Hasan Nasbi Umumkan Pengunduran Diri dari Jabatan Kepala PCO

Kepala Presidential Communication Office (PCO), Hasan Nasbi, secara resmi mengumumkan pengunduran dirinya dari jabatan yang diemban. Pengumuman ini disampaikan melalui unggahan di akun Instagram pribadinya, @totalpolitikcom, pada Selasa (29/4/2025). Hasan Nasbi menegaskan bahwa keputusan ini diambil setelah melalui pertimbangan matang dan dalam suasana yang tenang, tanpa adanya tekanan atau paksaan dari pihak manapun.

"Ini bukan keputusan yang tiba-tiba dan bukan keputusan yang emosional. Ini rasanya adalah jalan terbaik yang dipikirkan dalam suasana yang amat tenang, dan demi kebaikan komunikasi pemerintah yang akan datang," tulis Hasan Nasbi dalam unggahannya.

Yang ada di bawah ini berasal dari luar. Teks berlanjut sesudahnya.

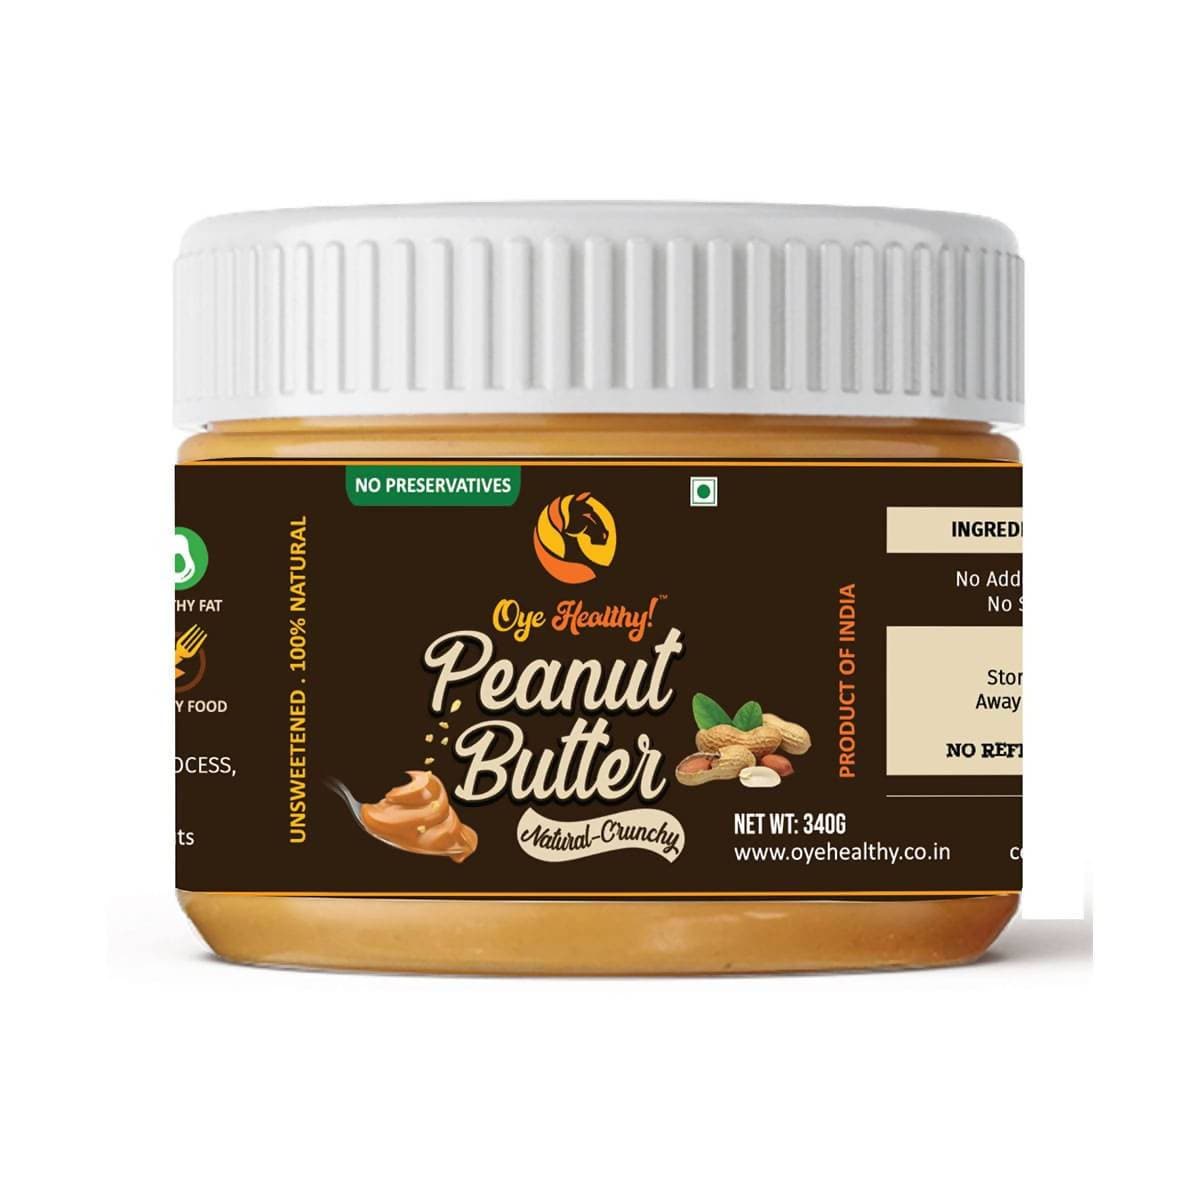 Oye Healthy Peanut Butter Natural Crunchy - Combo Pack of 2 (850gm+340gm)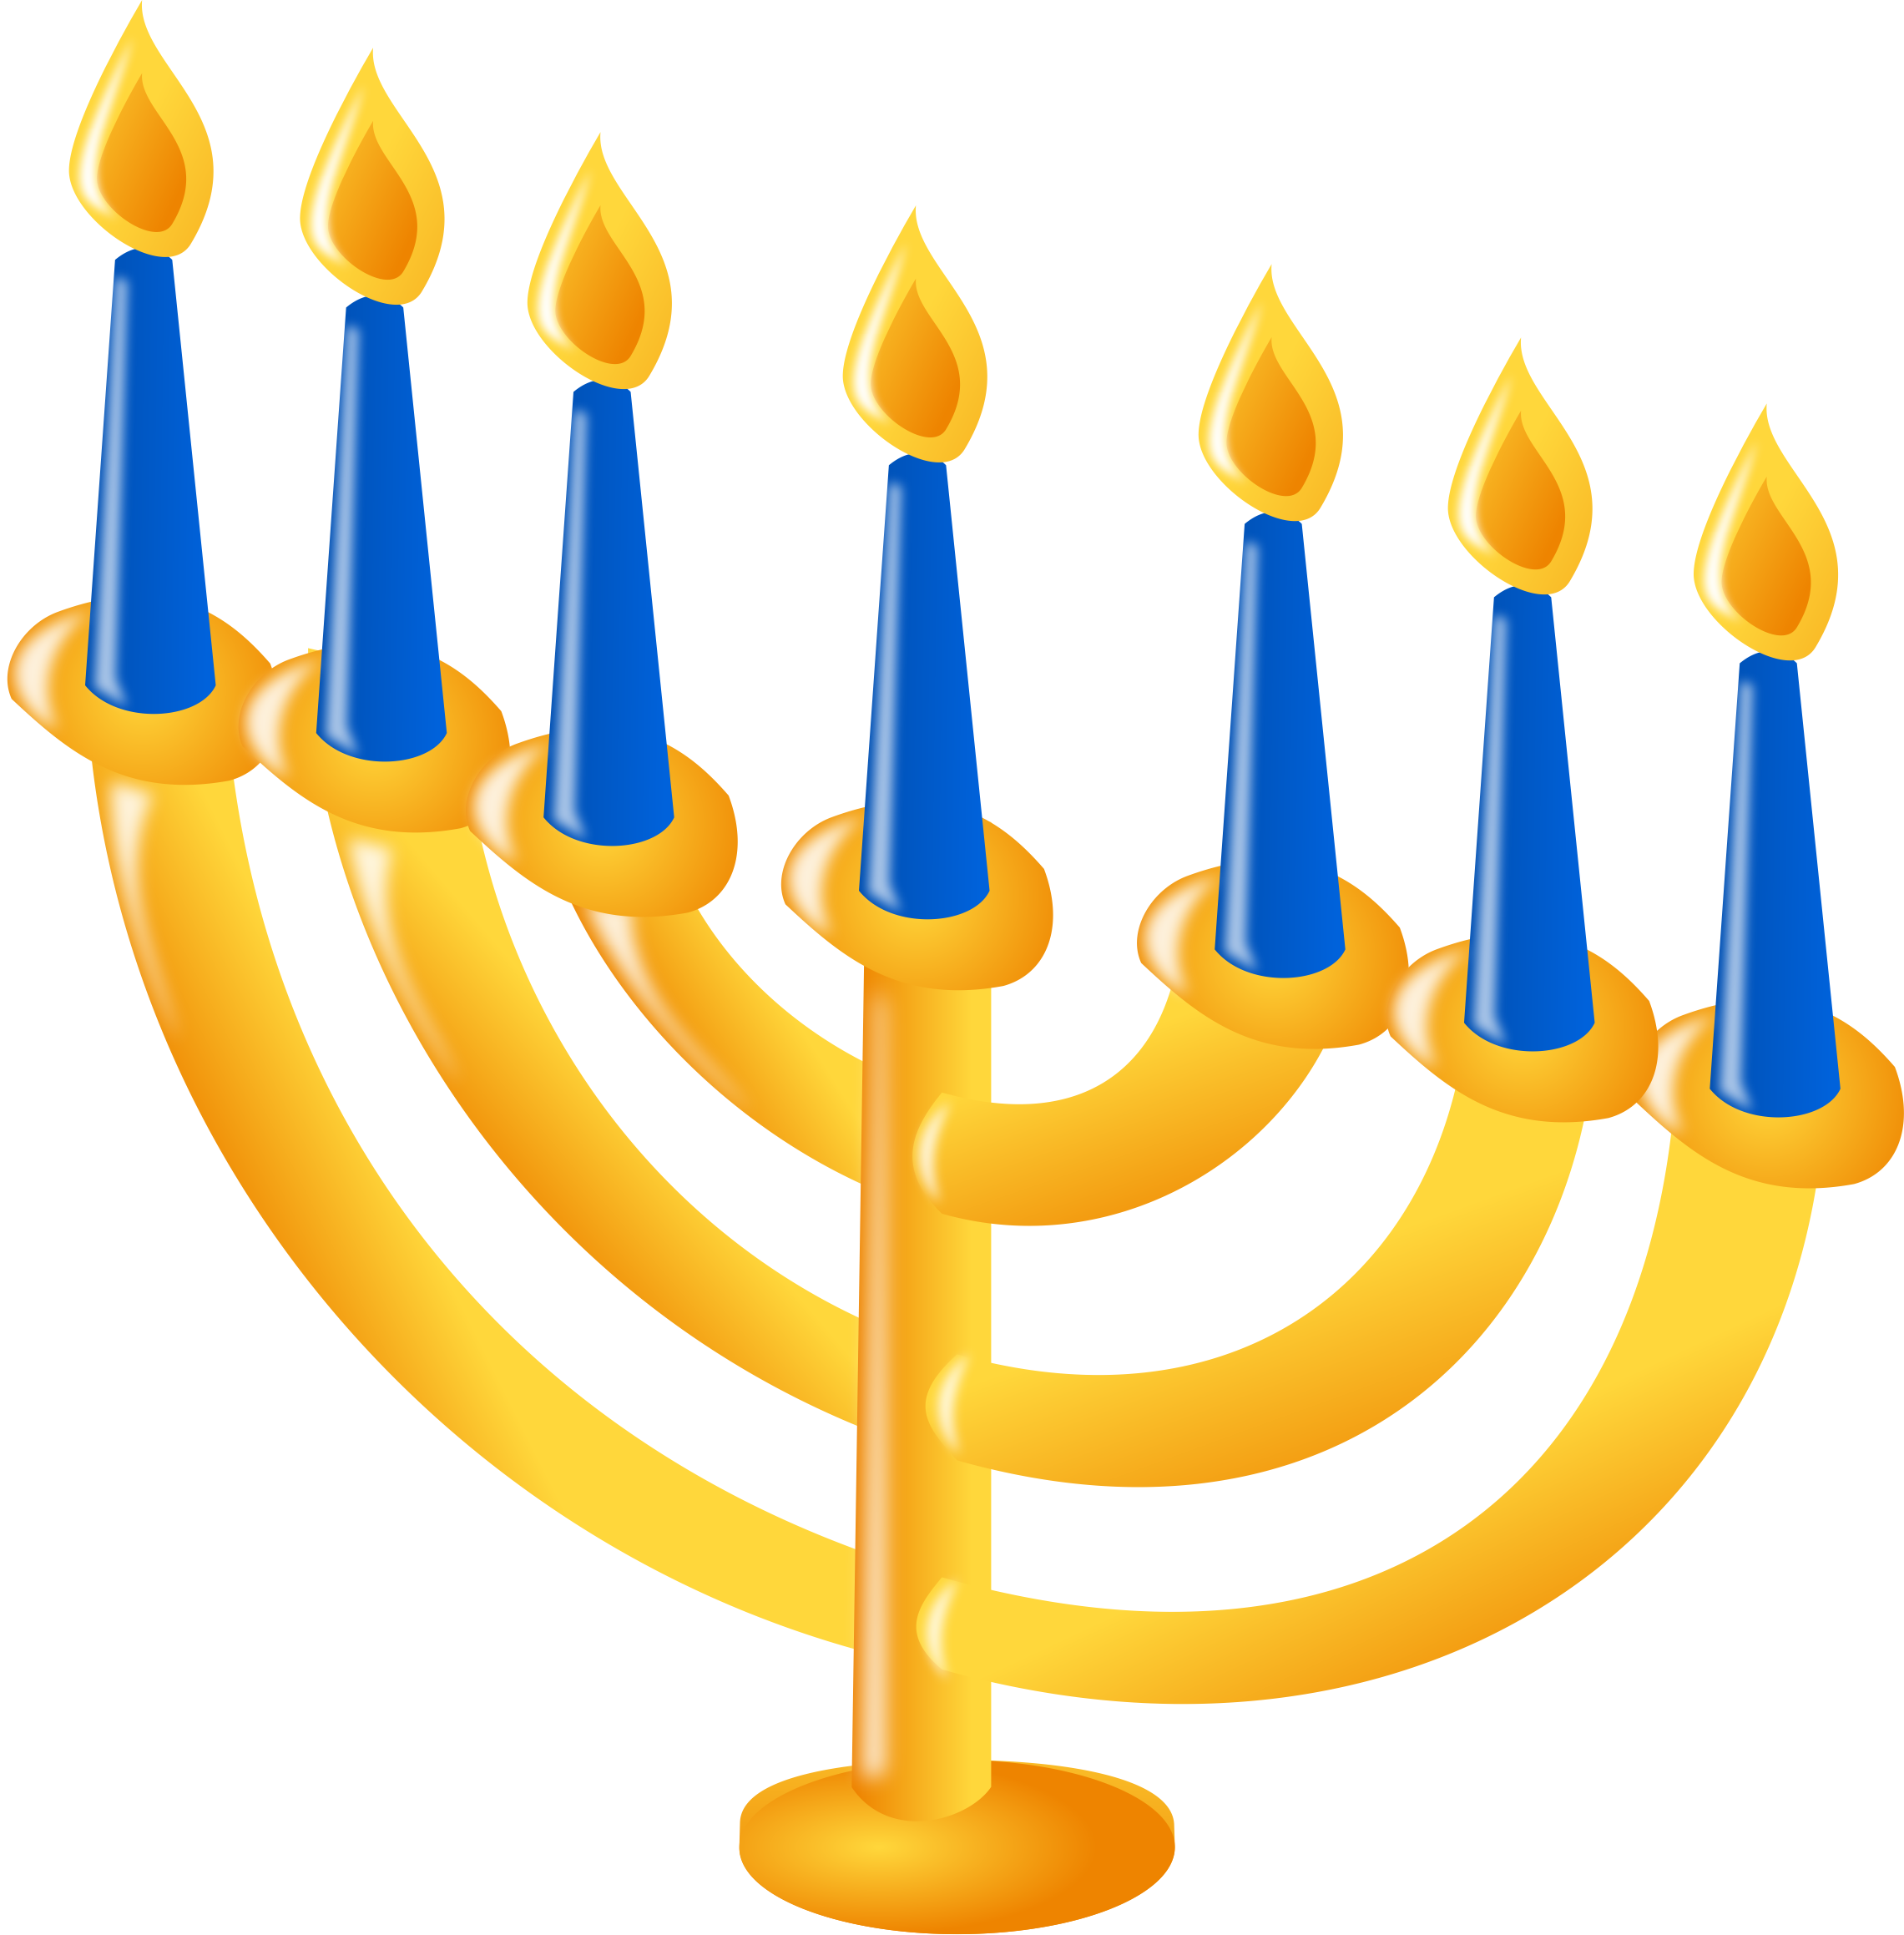 Join Us For A Community Candle Lighting On Monday, - Menorah Transparent Background (2281x2318)

Dalam keterangannya, Hasan Nasbi mengungkapkan bahwa surat pengunduran dirinya telah diajukan kepada Presiden Prabowo Subianto melalui Menteri Sekretaris Negara (Mensesneg) Prasetyo Hadi dan Sekretaris Kabinet Teddy Indra Wijaya sejak 21 April 2025. Ia menandaskan bahwa tanggal tersebut merupakan hari terakhirnya bertugas sebagai Kepala PCO.

Keputusan Hasan Nasbi ini membuka ruang bagi figur lain yang dinilai lebih kompeten untuk memegang tampuk kepemimpinan PCO. Ia berharap, dengan memberikan kesempatan kepada orang lain, komunikasi pemerintah dapat berjalan lebih efektif dan optimal di masa mendatang.

Pengunduran diri Hasan Nasbi terjadi setelah sebelumnya muncul kontroversi terkait pernyataannya mengenai teror kepala babi yang dialamatkan kepada redaksi Tempo. Saat itu, Hasan Nasbi menyarankan agar kepala babi tersebut "dimasak saja", yang kemudian memicu berbagai reaksi dari publik.

Presiden Prabowo Subianto sendiri mengakui bahwa pernyataan Hasan Nasbi tersebut kurang bijak dan menimbulkan kegaduhan. Dalam sebuah wawancara, Prabowo menyatakan bahwa Hasan Nasbi telah menyesali perkataannya.

Sebagai informasi tambahan, pada tanggal 17 April 2025, Presiden Prabowo menunjuk Mensesneg Prasetyo Hadi sebagai Juru Bicara Presiden. Penunjukan ini dilakukan di tengah isu perbaikan komunikasi dalam pemerintahan.